Dear God: What Now?
I'm scared. It feels as though I have done one thing my entire life
and that is to be a wife and mother. OK, technically, that's two
things, but thankfully, You know what I mean! Now that my children are
half grown, I find that I have so much extra time on my hands. So much
time that I am checking my watch by the end of the day impatiently
waiting for the kids to get off of the school bus! I have loved,
hugged, bathed, doctored, diapered, played, tied, baked, volunteered,
and taxied--all sorts of things! None of which would gleam on any
I'm scared, God. What do I do now that they don't want me to play
house or need me to read them a story? What do I do now that they turn
to best friends for affirmation, consolation, and affection? What do I
do now that it's not cool to play catch with mom anymore?
I'm scared, God. Now where do I get my validation? I have been
blessed to have been afforded opportunity to stay home and raise my
children for the last 14 years. I am so thankful and would not change
my decision for one minute. But it seems that my job is only part-time
now. I can remember wanting time and complaining that there was never
any time for ME! Days were filled with tending to scraped knees,
changing diapers, baking cookies, watching Sesame Street, and going to
play group or the grocery store. Oh, Lord, how I long to have one
daughter in the shopping cart, holding my son on my hip, and my eldest
daughter trailing behind asking, "Can we get Oreos, mommy, pleeeease?"

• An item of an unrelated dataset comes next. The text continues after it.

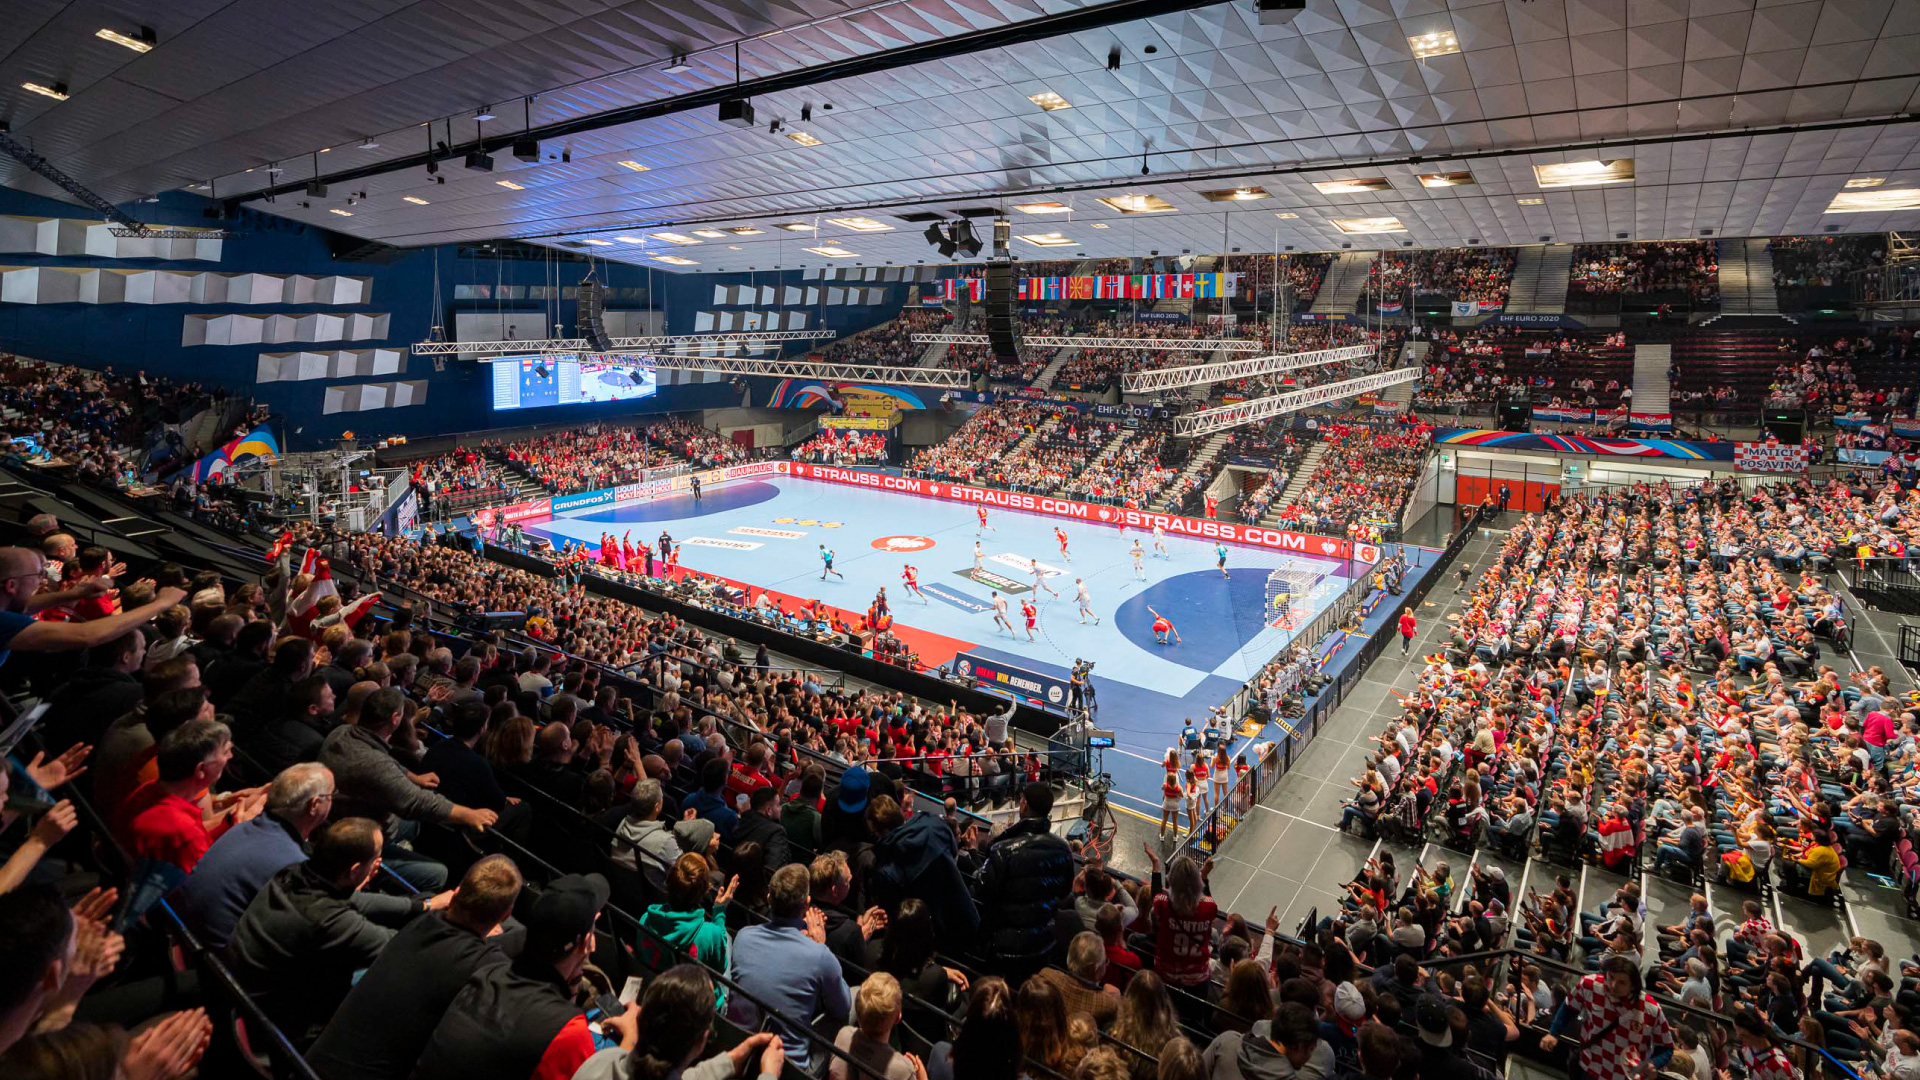 Championnat d'Europe de Handball Vienne 2020 - PRG a fourni l'éclairage, le son et la vidéo pour cet événement.

And while my children will always need me, their demand for my time
continues to diminish.
I'm scared, God. Please help me to trust You. Help me to trust that
You know exactly what You have in store for me. Help me to trust and
know that it is good, and that it is Your will. Help me to know that
just around the corner waits the perfect "job" that demands love and
dedication. Help me to know that whatever you have for me next will
provide the joy and fulfillment that goes with the full-time position
of mothering little ones.
I'm scared, God. I want others to see the value of my dedication to my
"job." Is being devoted to my family for 14 years any different than
showing up to the same office every day? I see longevity. I see never
calling in sick. I see sacrifice. I see multitasking. I see
mentoring. I see tenacity. I see a lot of things, and I know You see
them too, Lord!
Thank You, God! You have revealed my validation! By working for my
family, I have been serving You, the executive of the universe! You
have been there with me in the wee hours of the morning, mopping up
vomit, changing the bed-sheets, running a bath, rocking, and
comforting. You have seen it all, Lord. You have been with me on the
path and have carried me most of the way. You know my limitations;
yet, you know my strengths.
I am confident, God. Still a little scared, but confident that as You
have carried me through the mothering chapter in my life, You will
continue to carry me through the next chapter--whatever that may be!
You, the Most High, see my unique qualifications and have a plan for my
future. What better endorsement could I have? But one last thing,
Lord, is it possible to provide me with a letter of recommendation?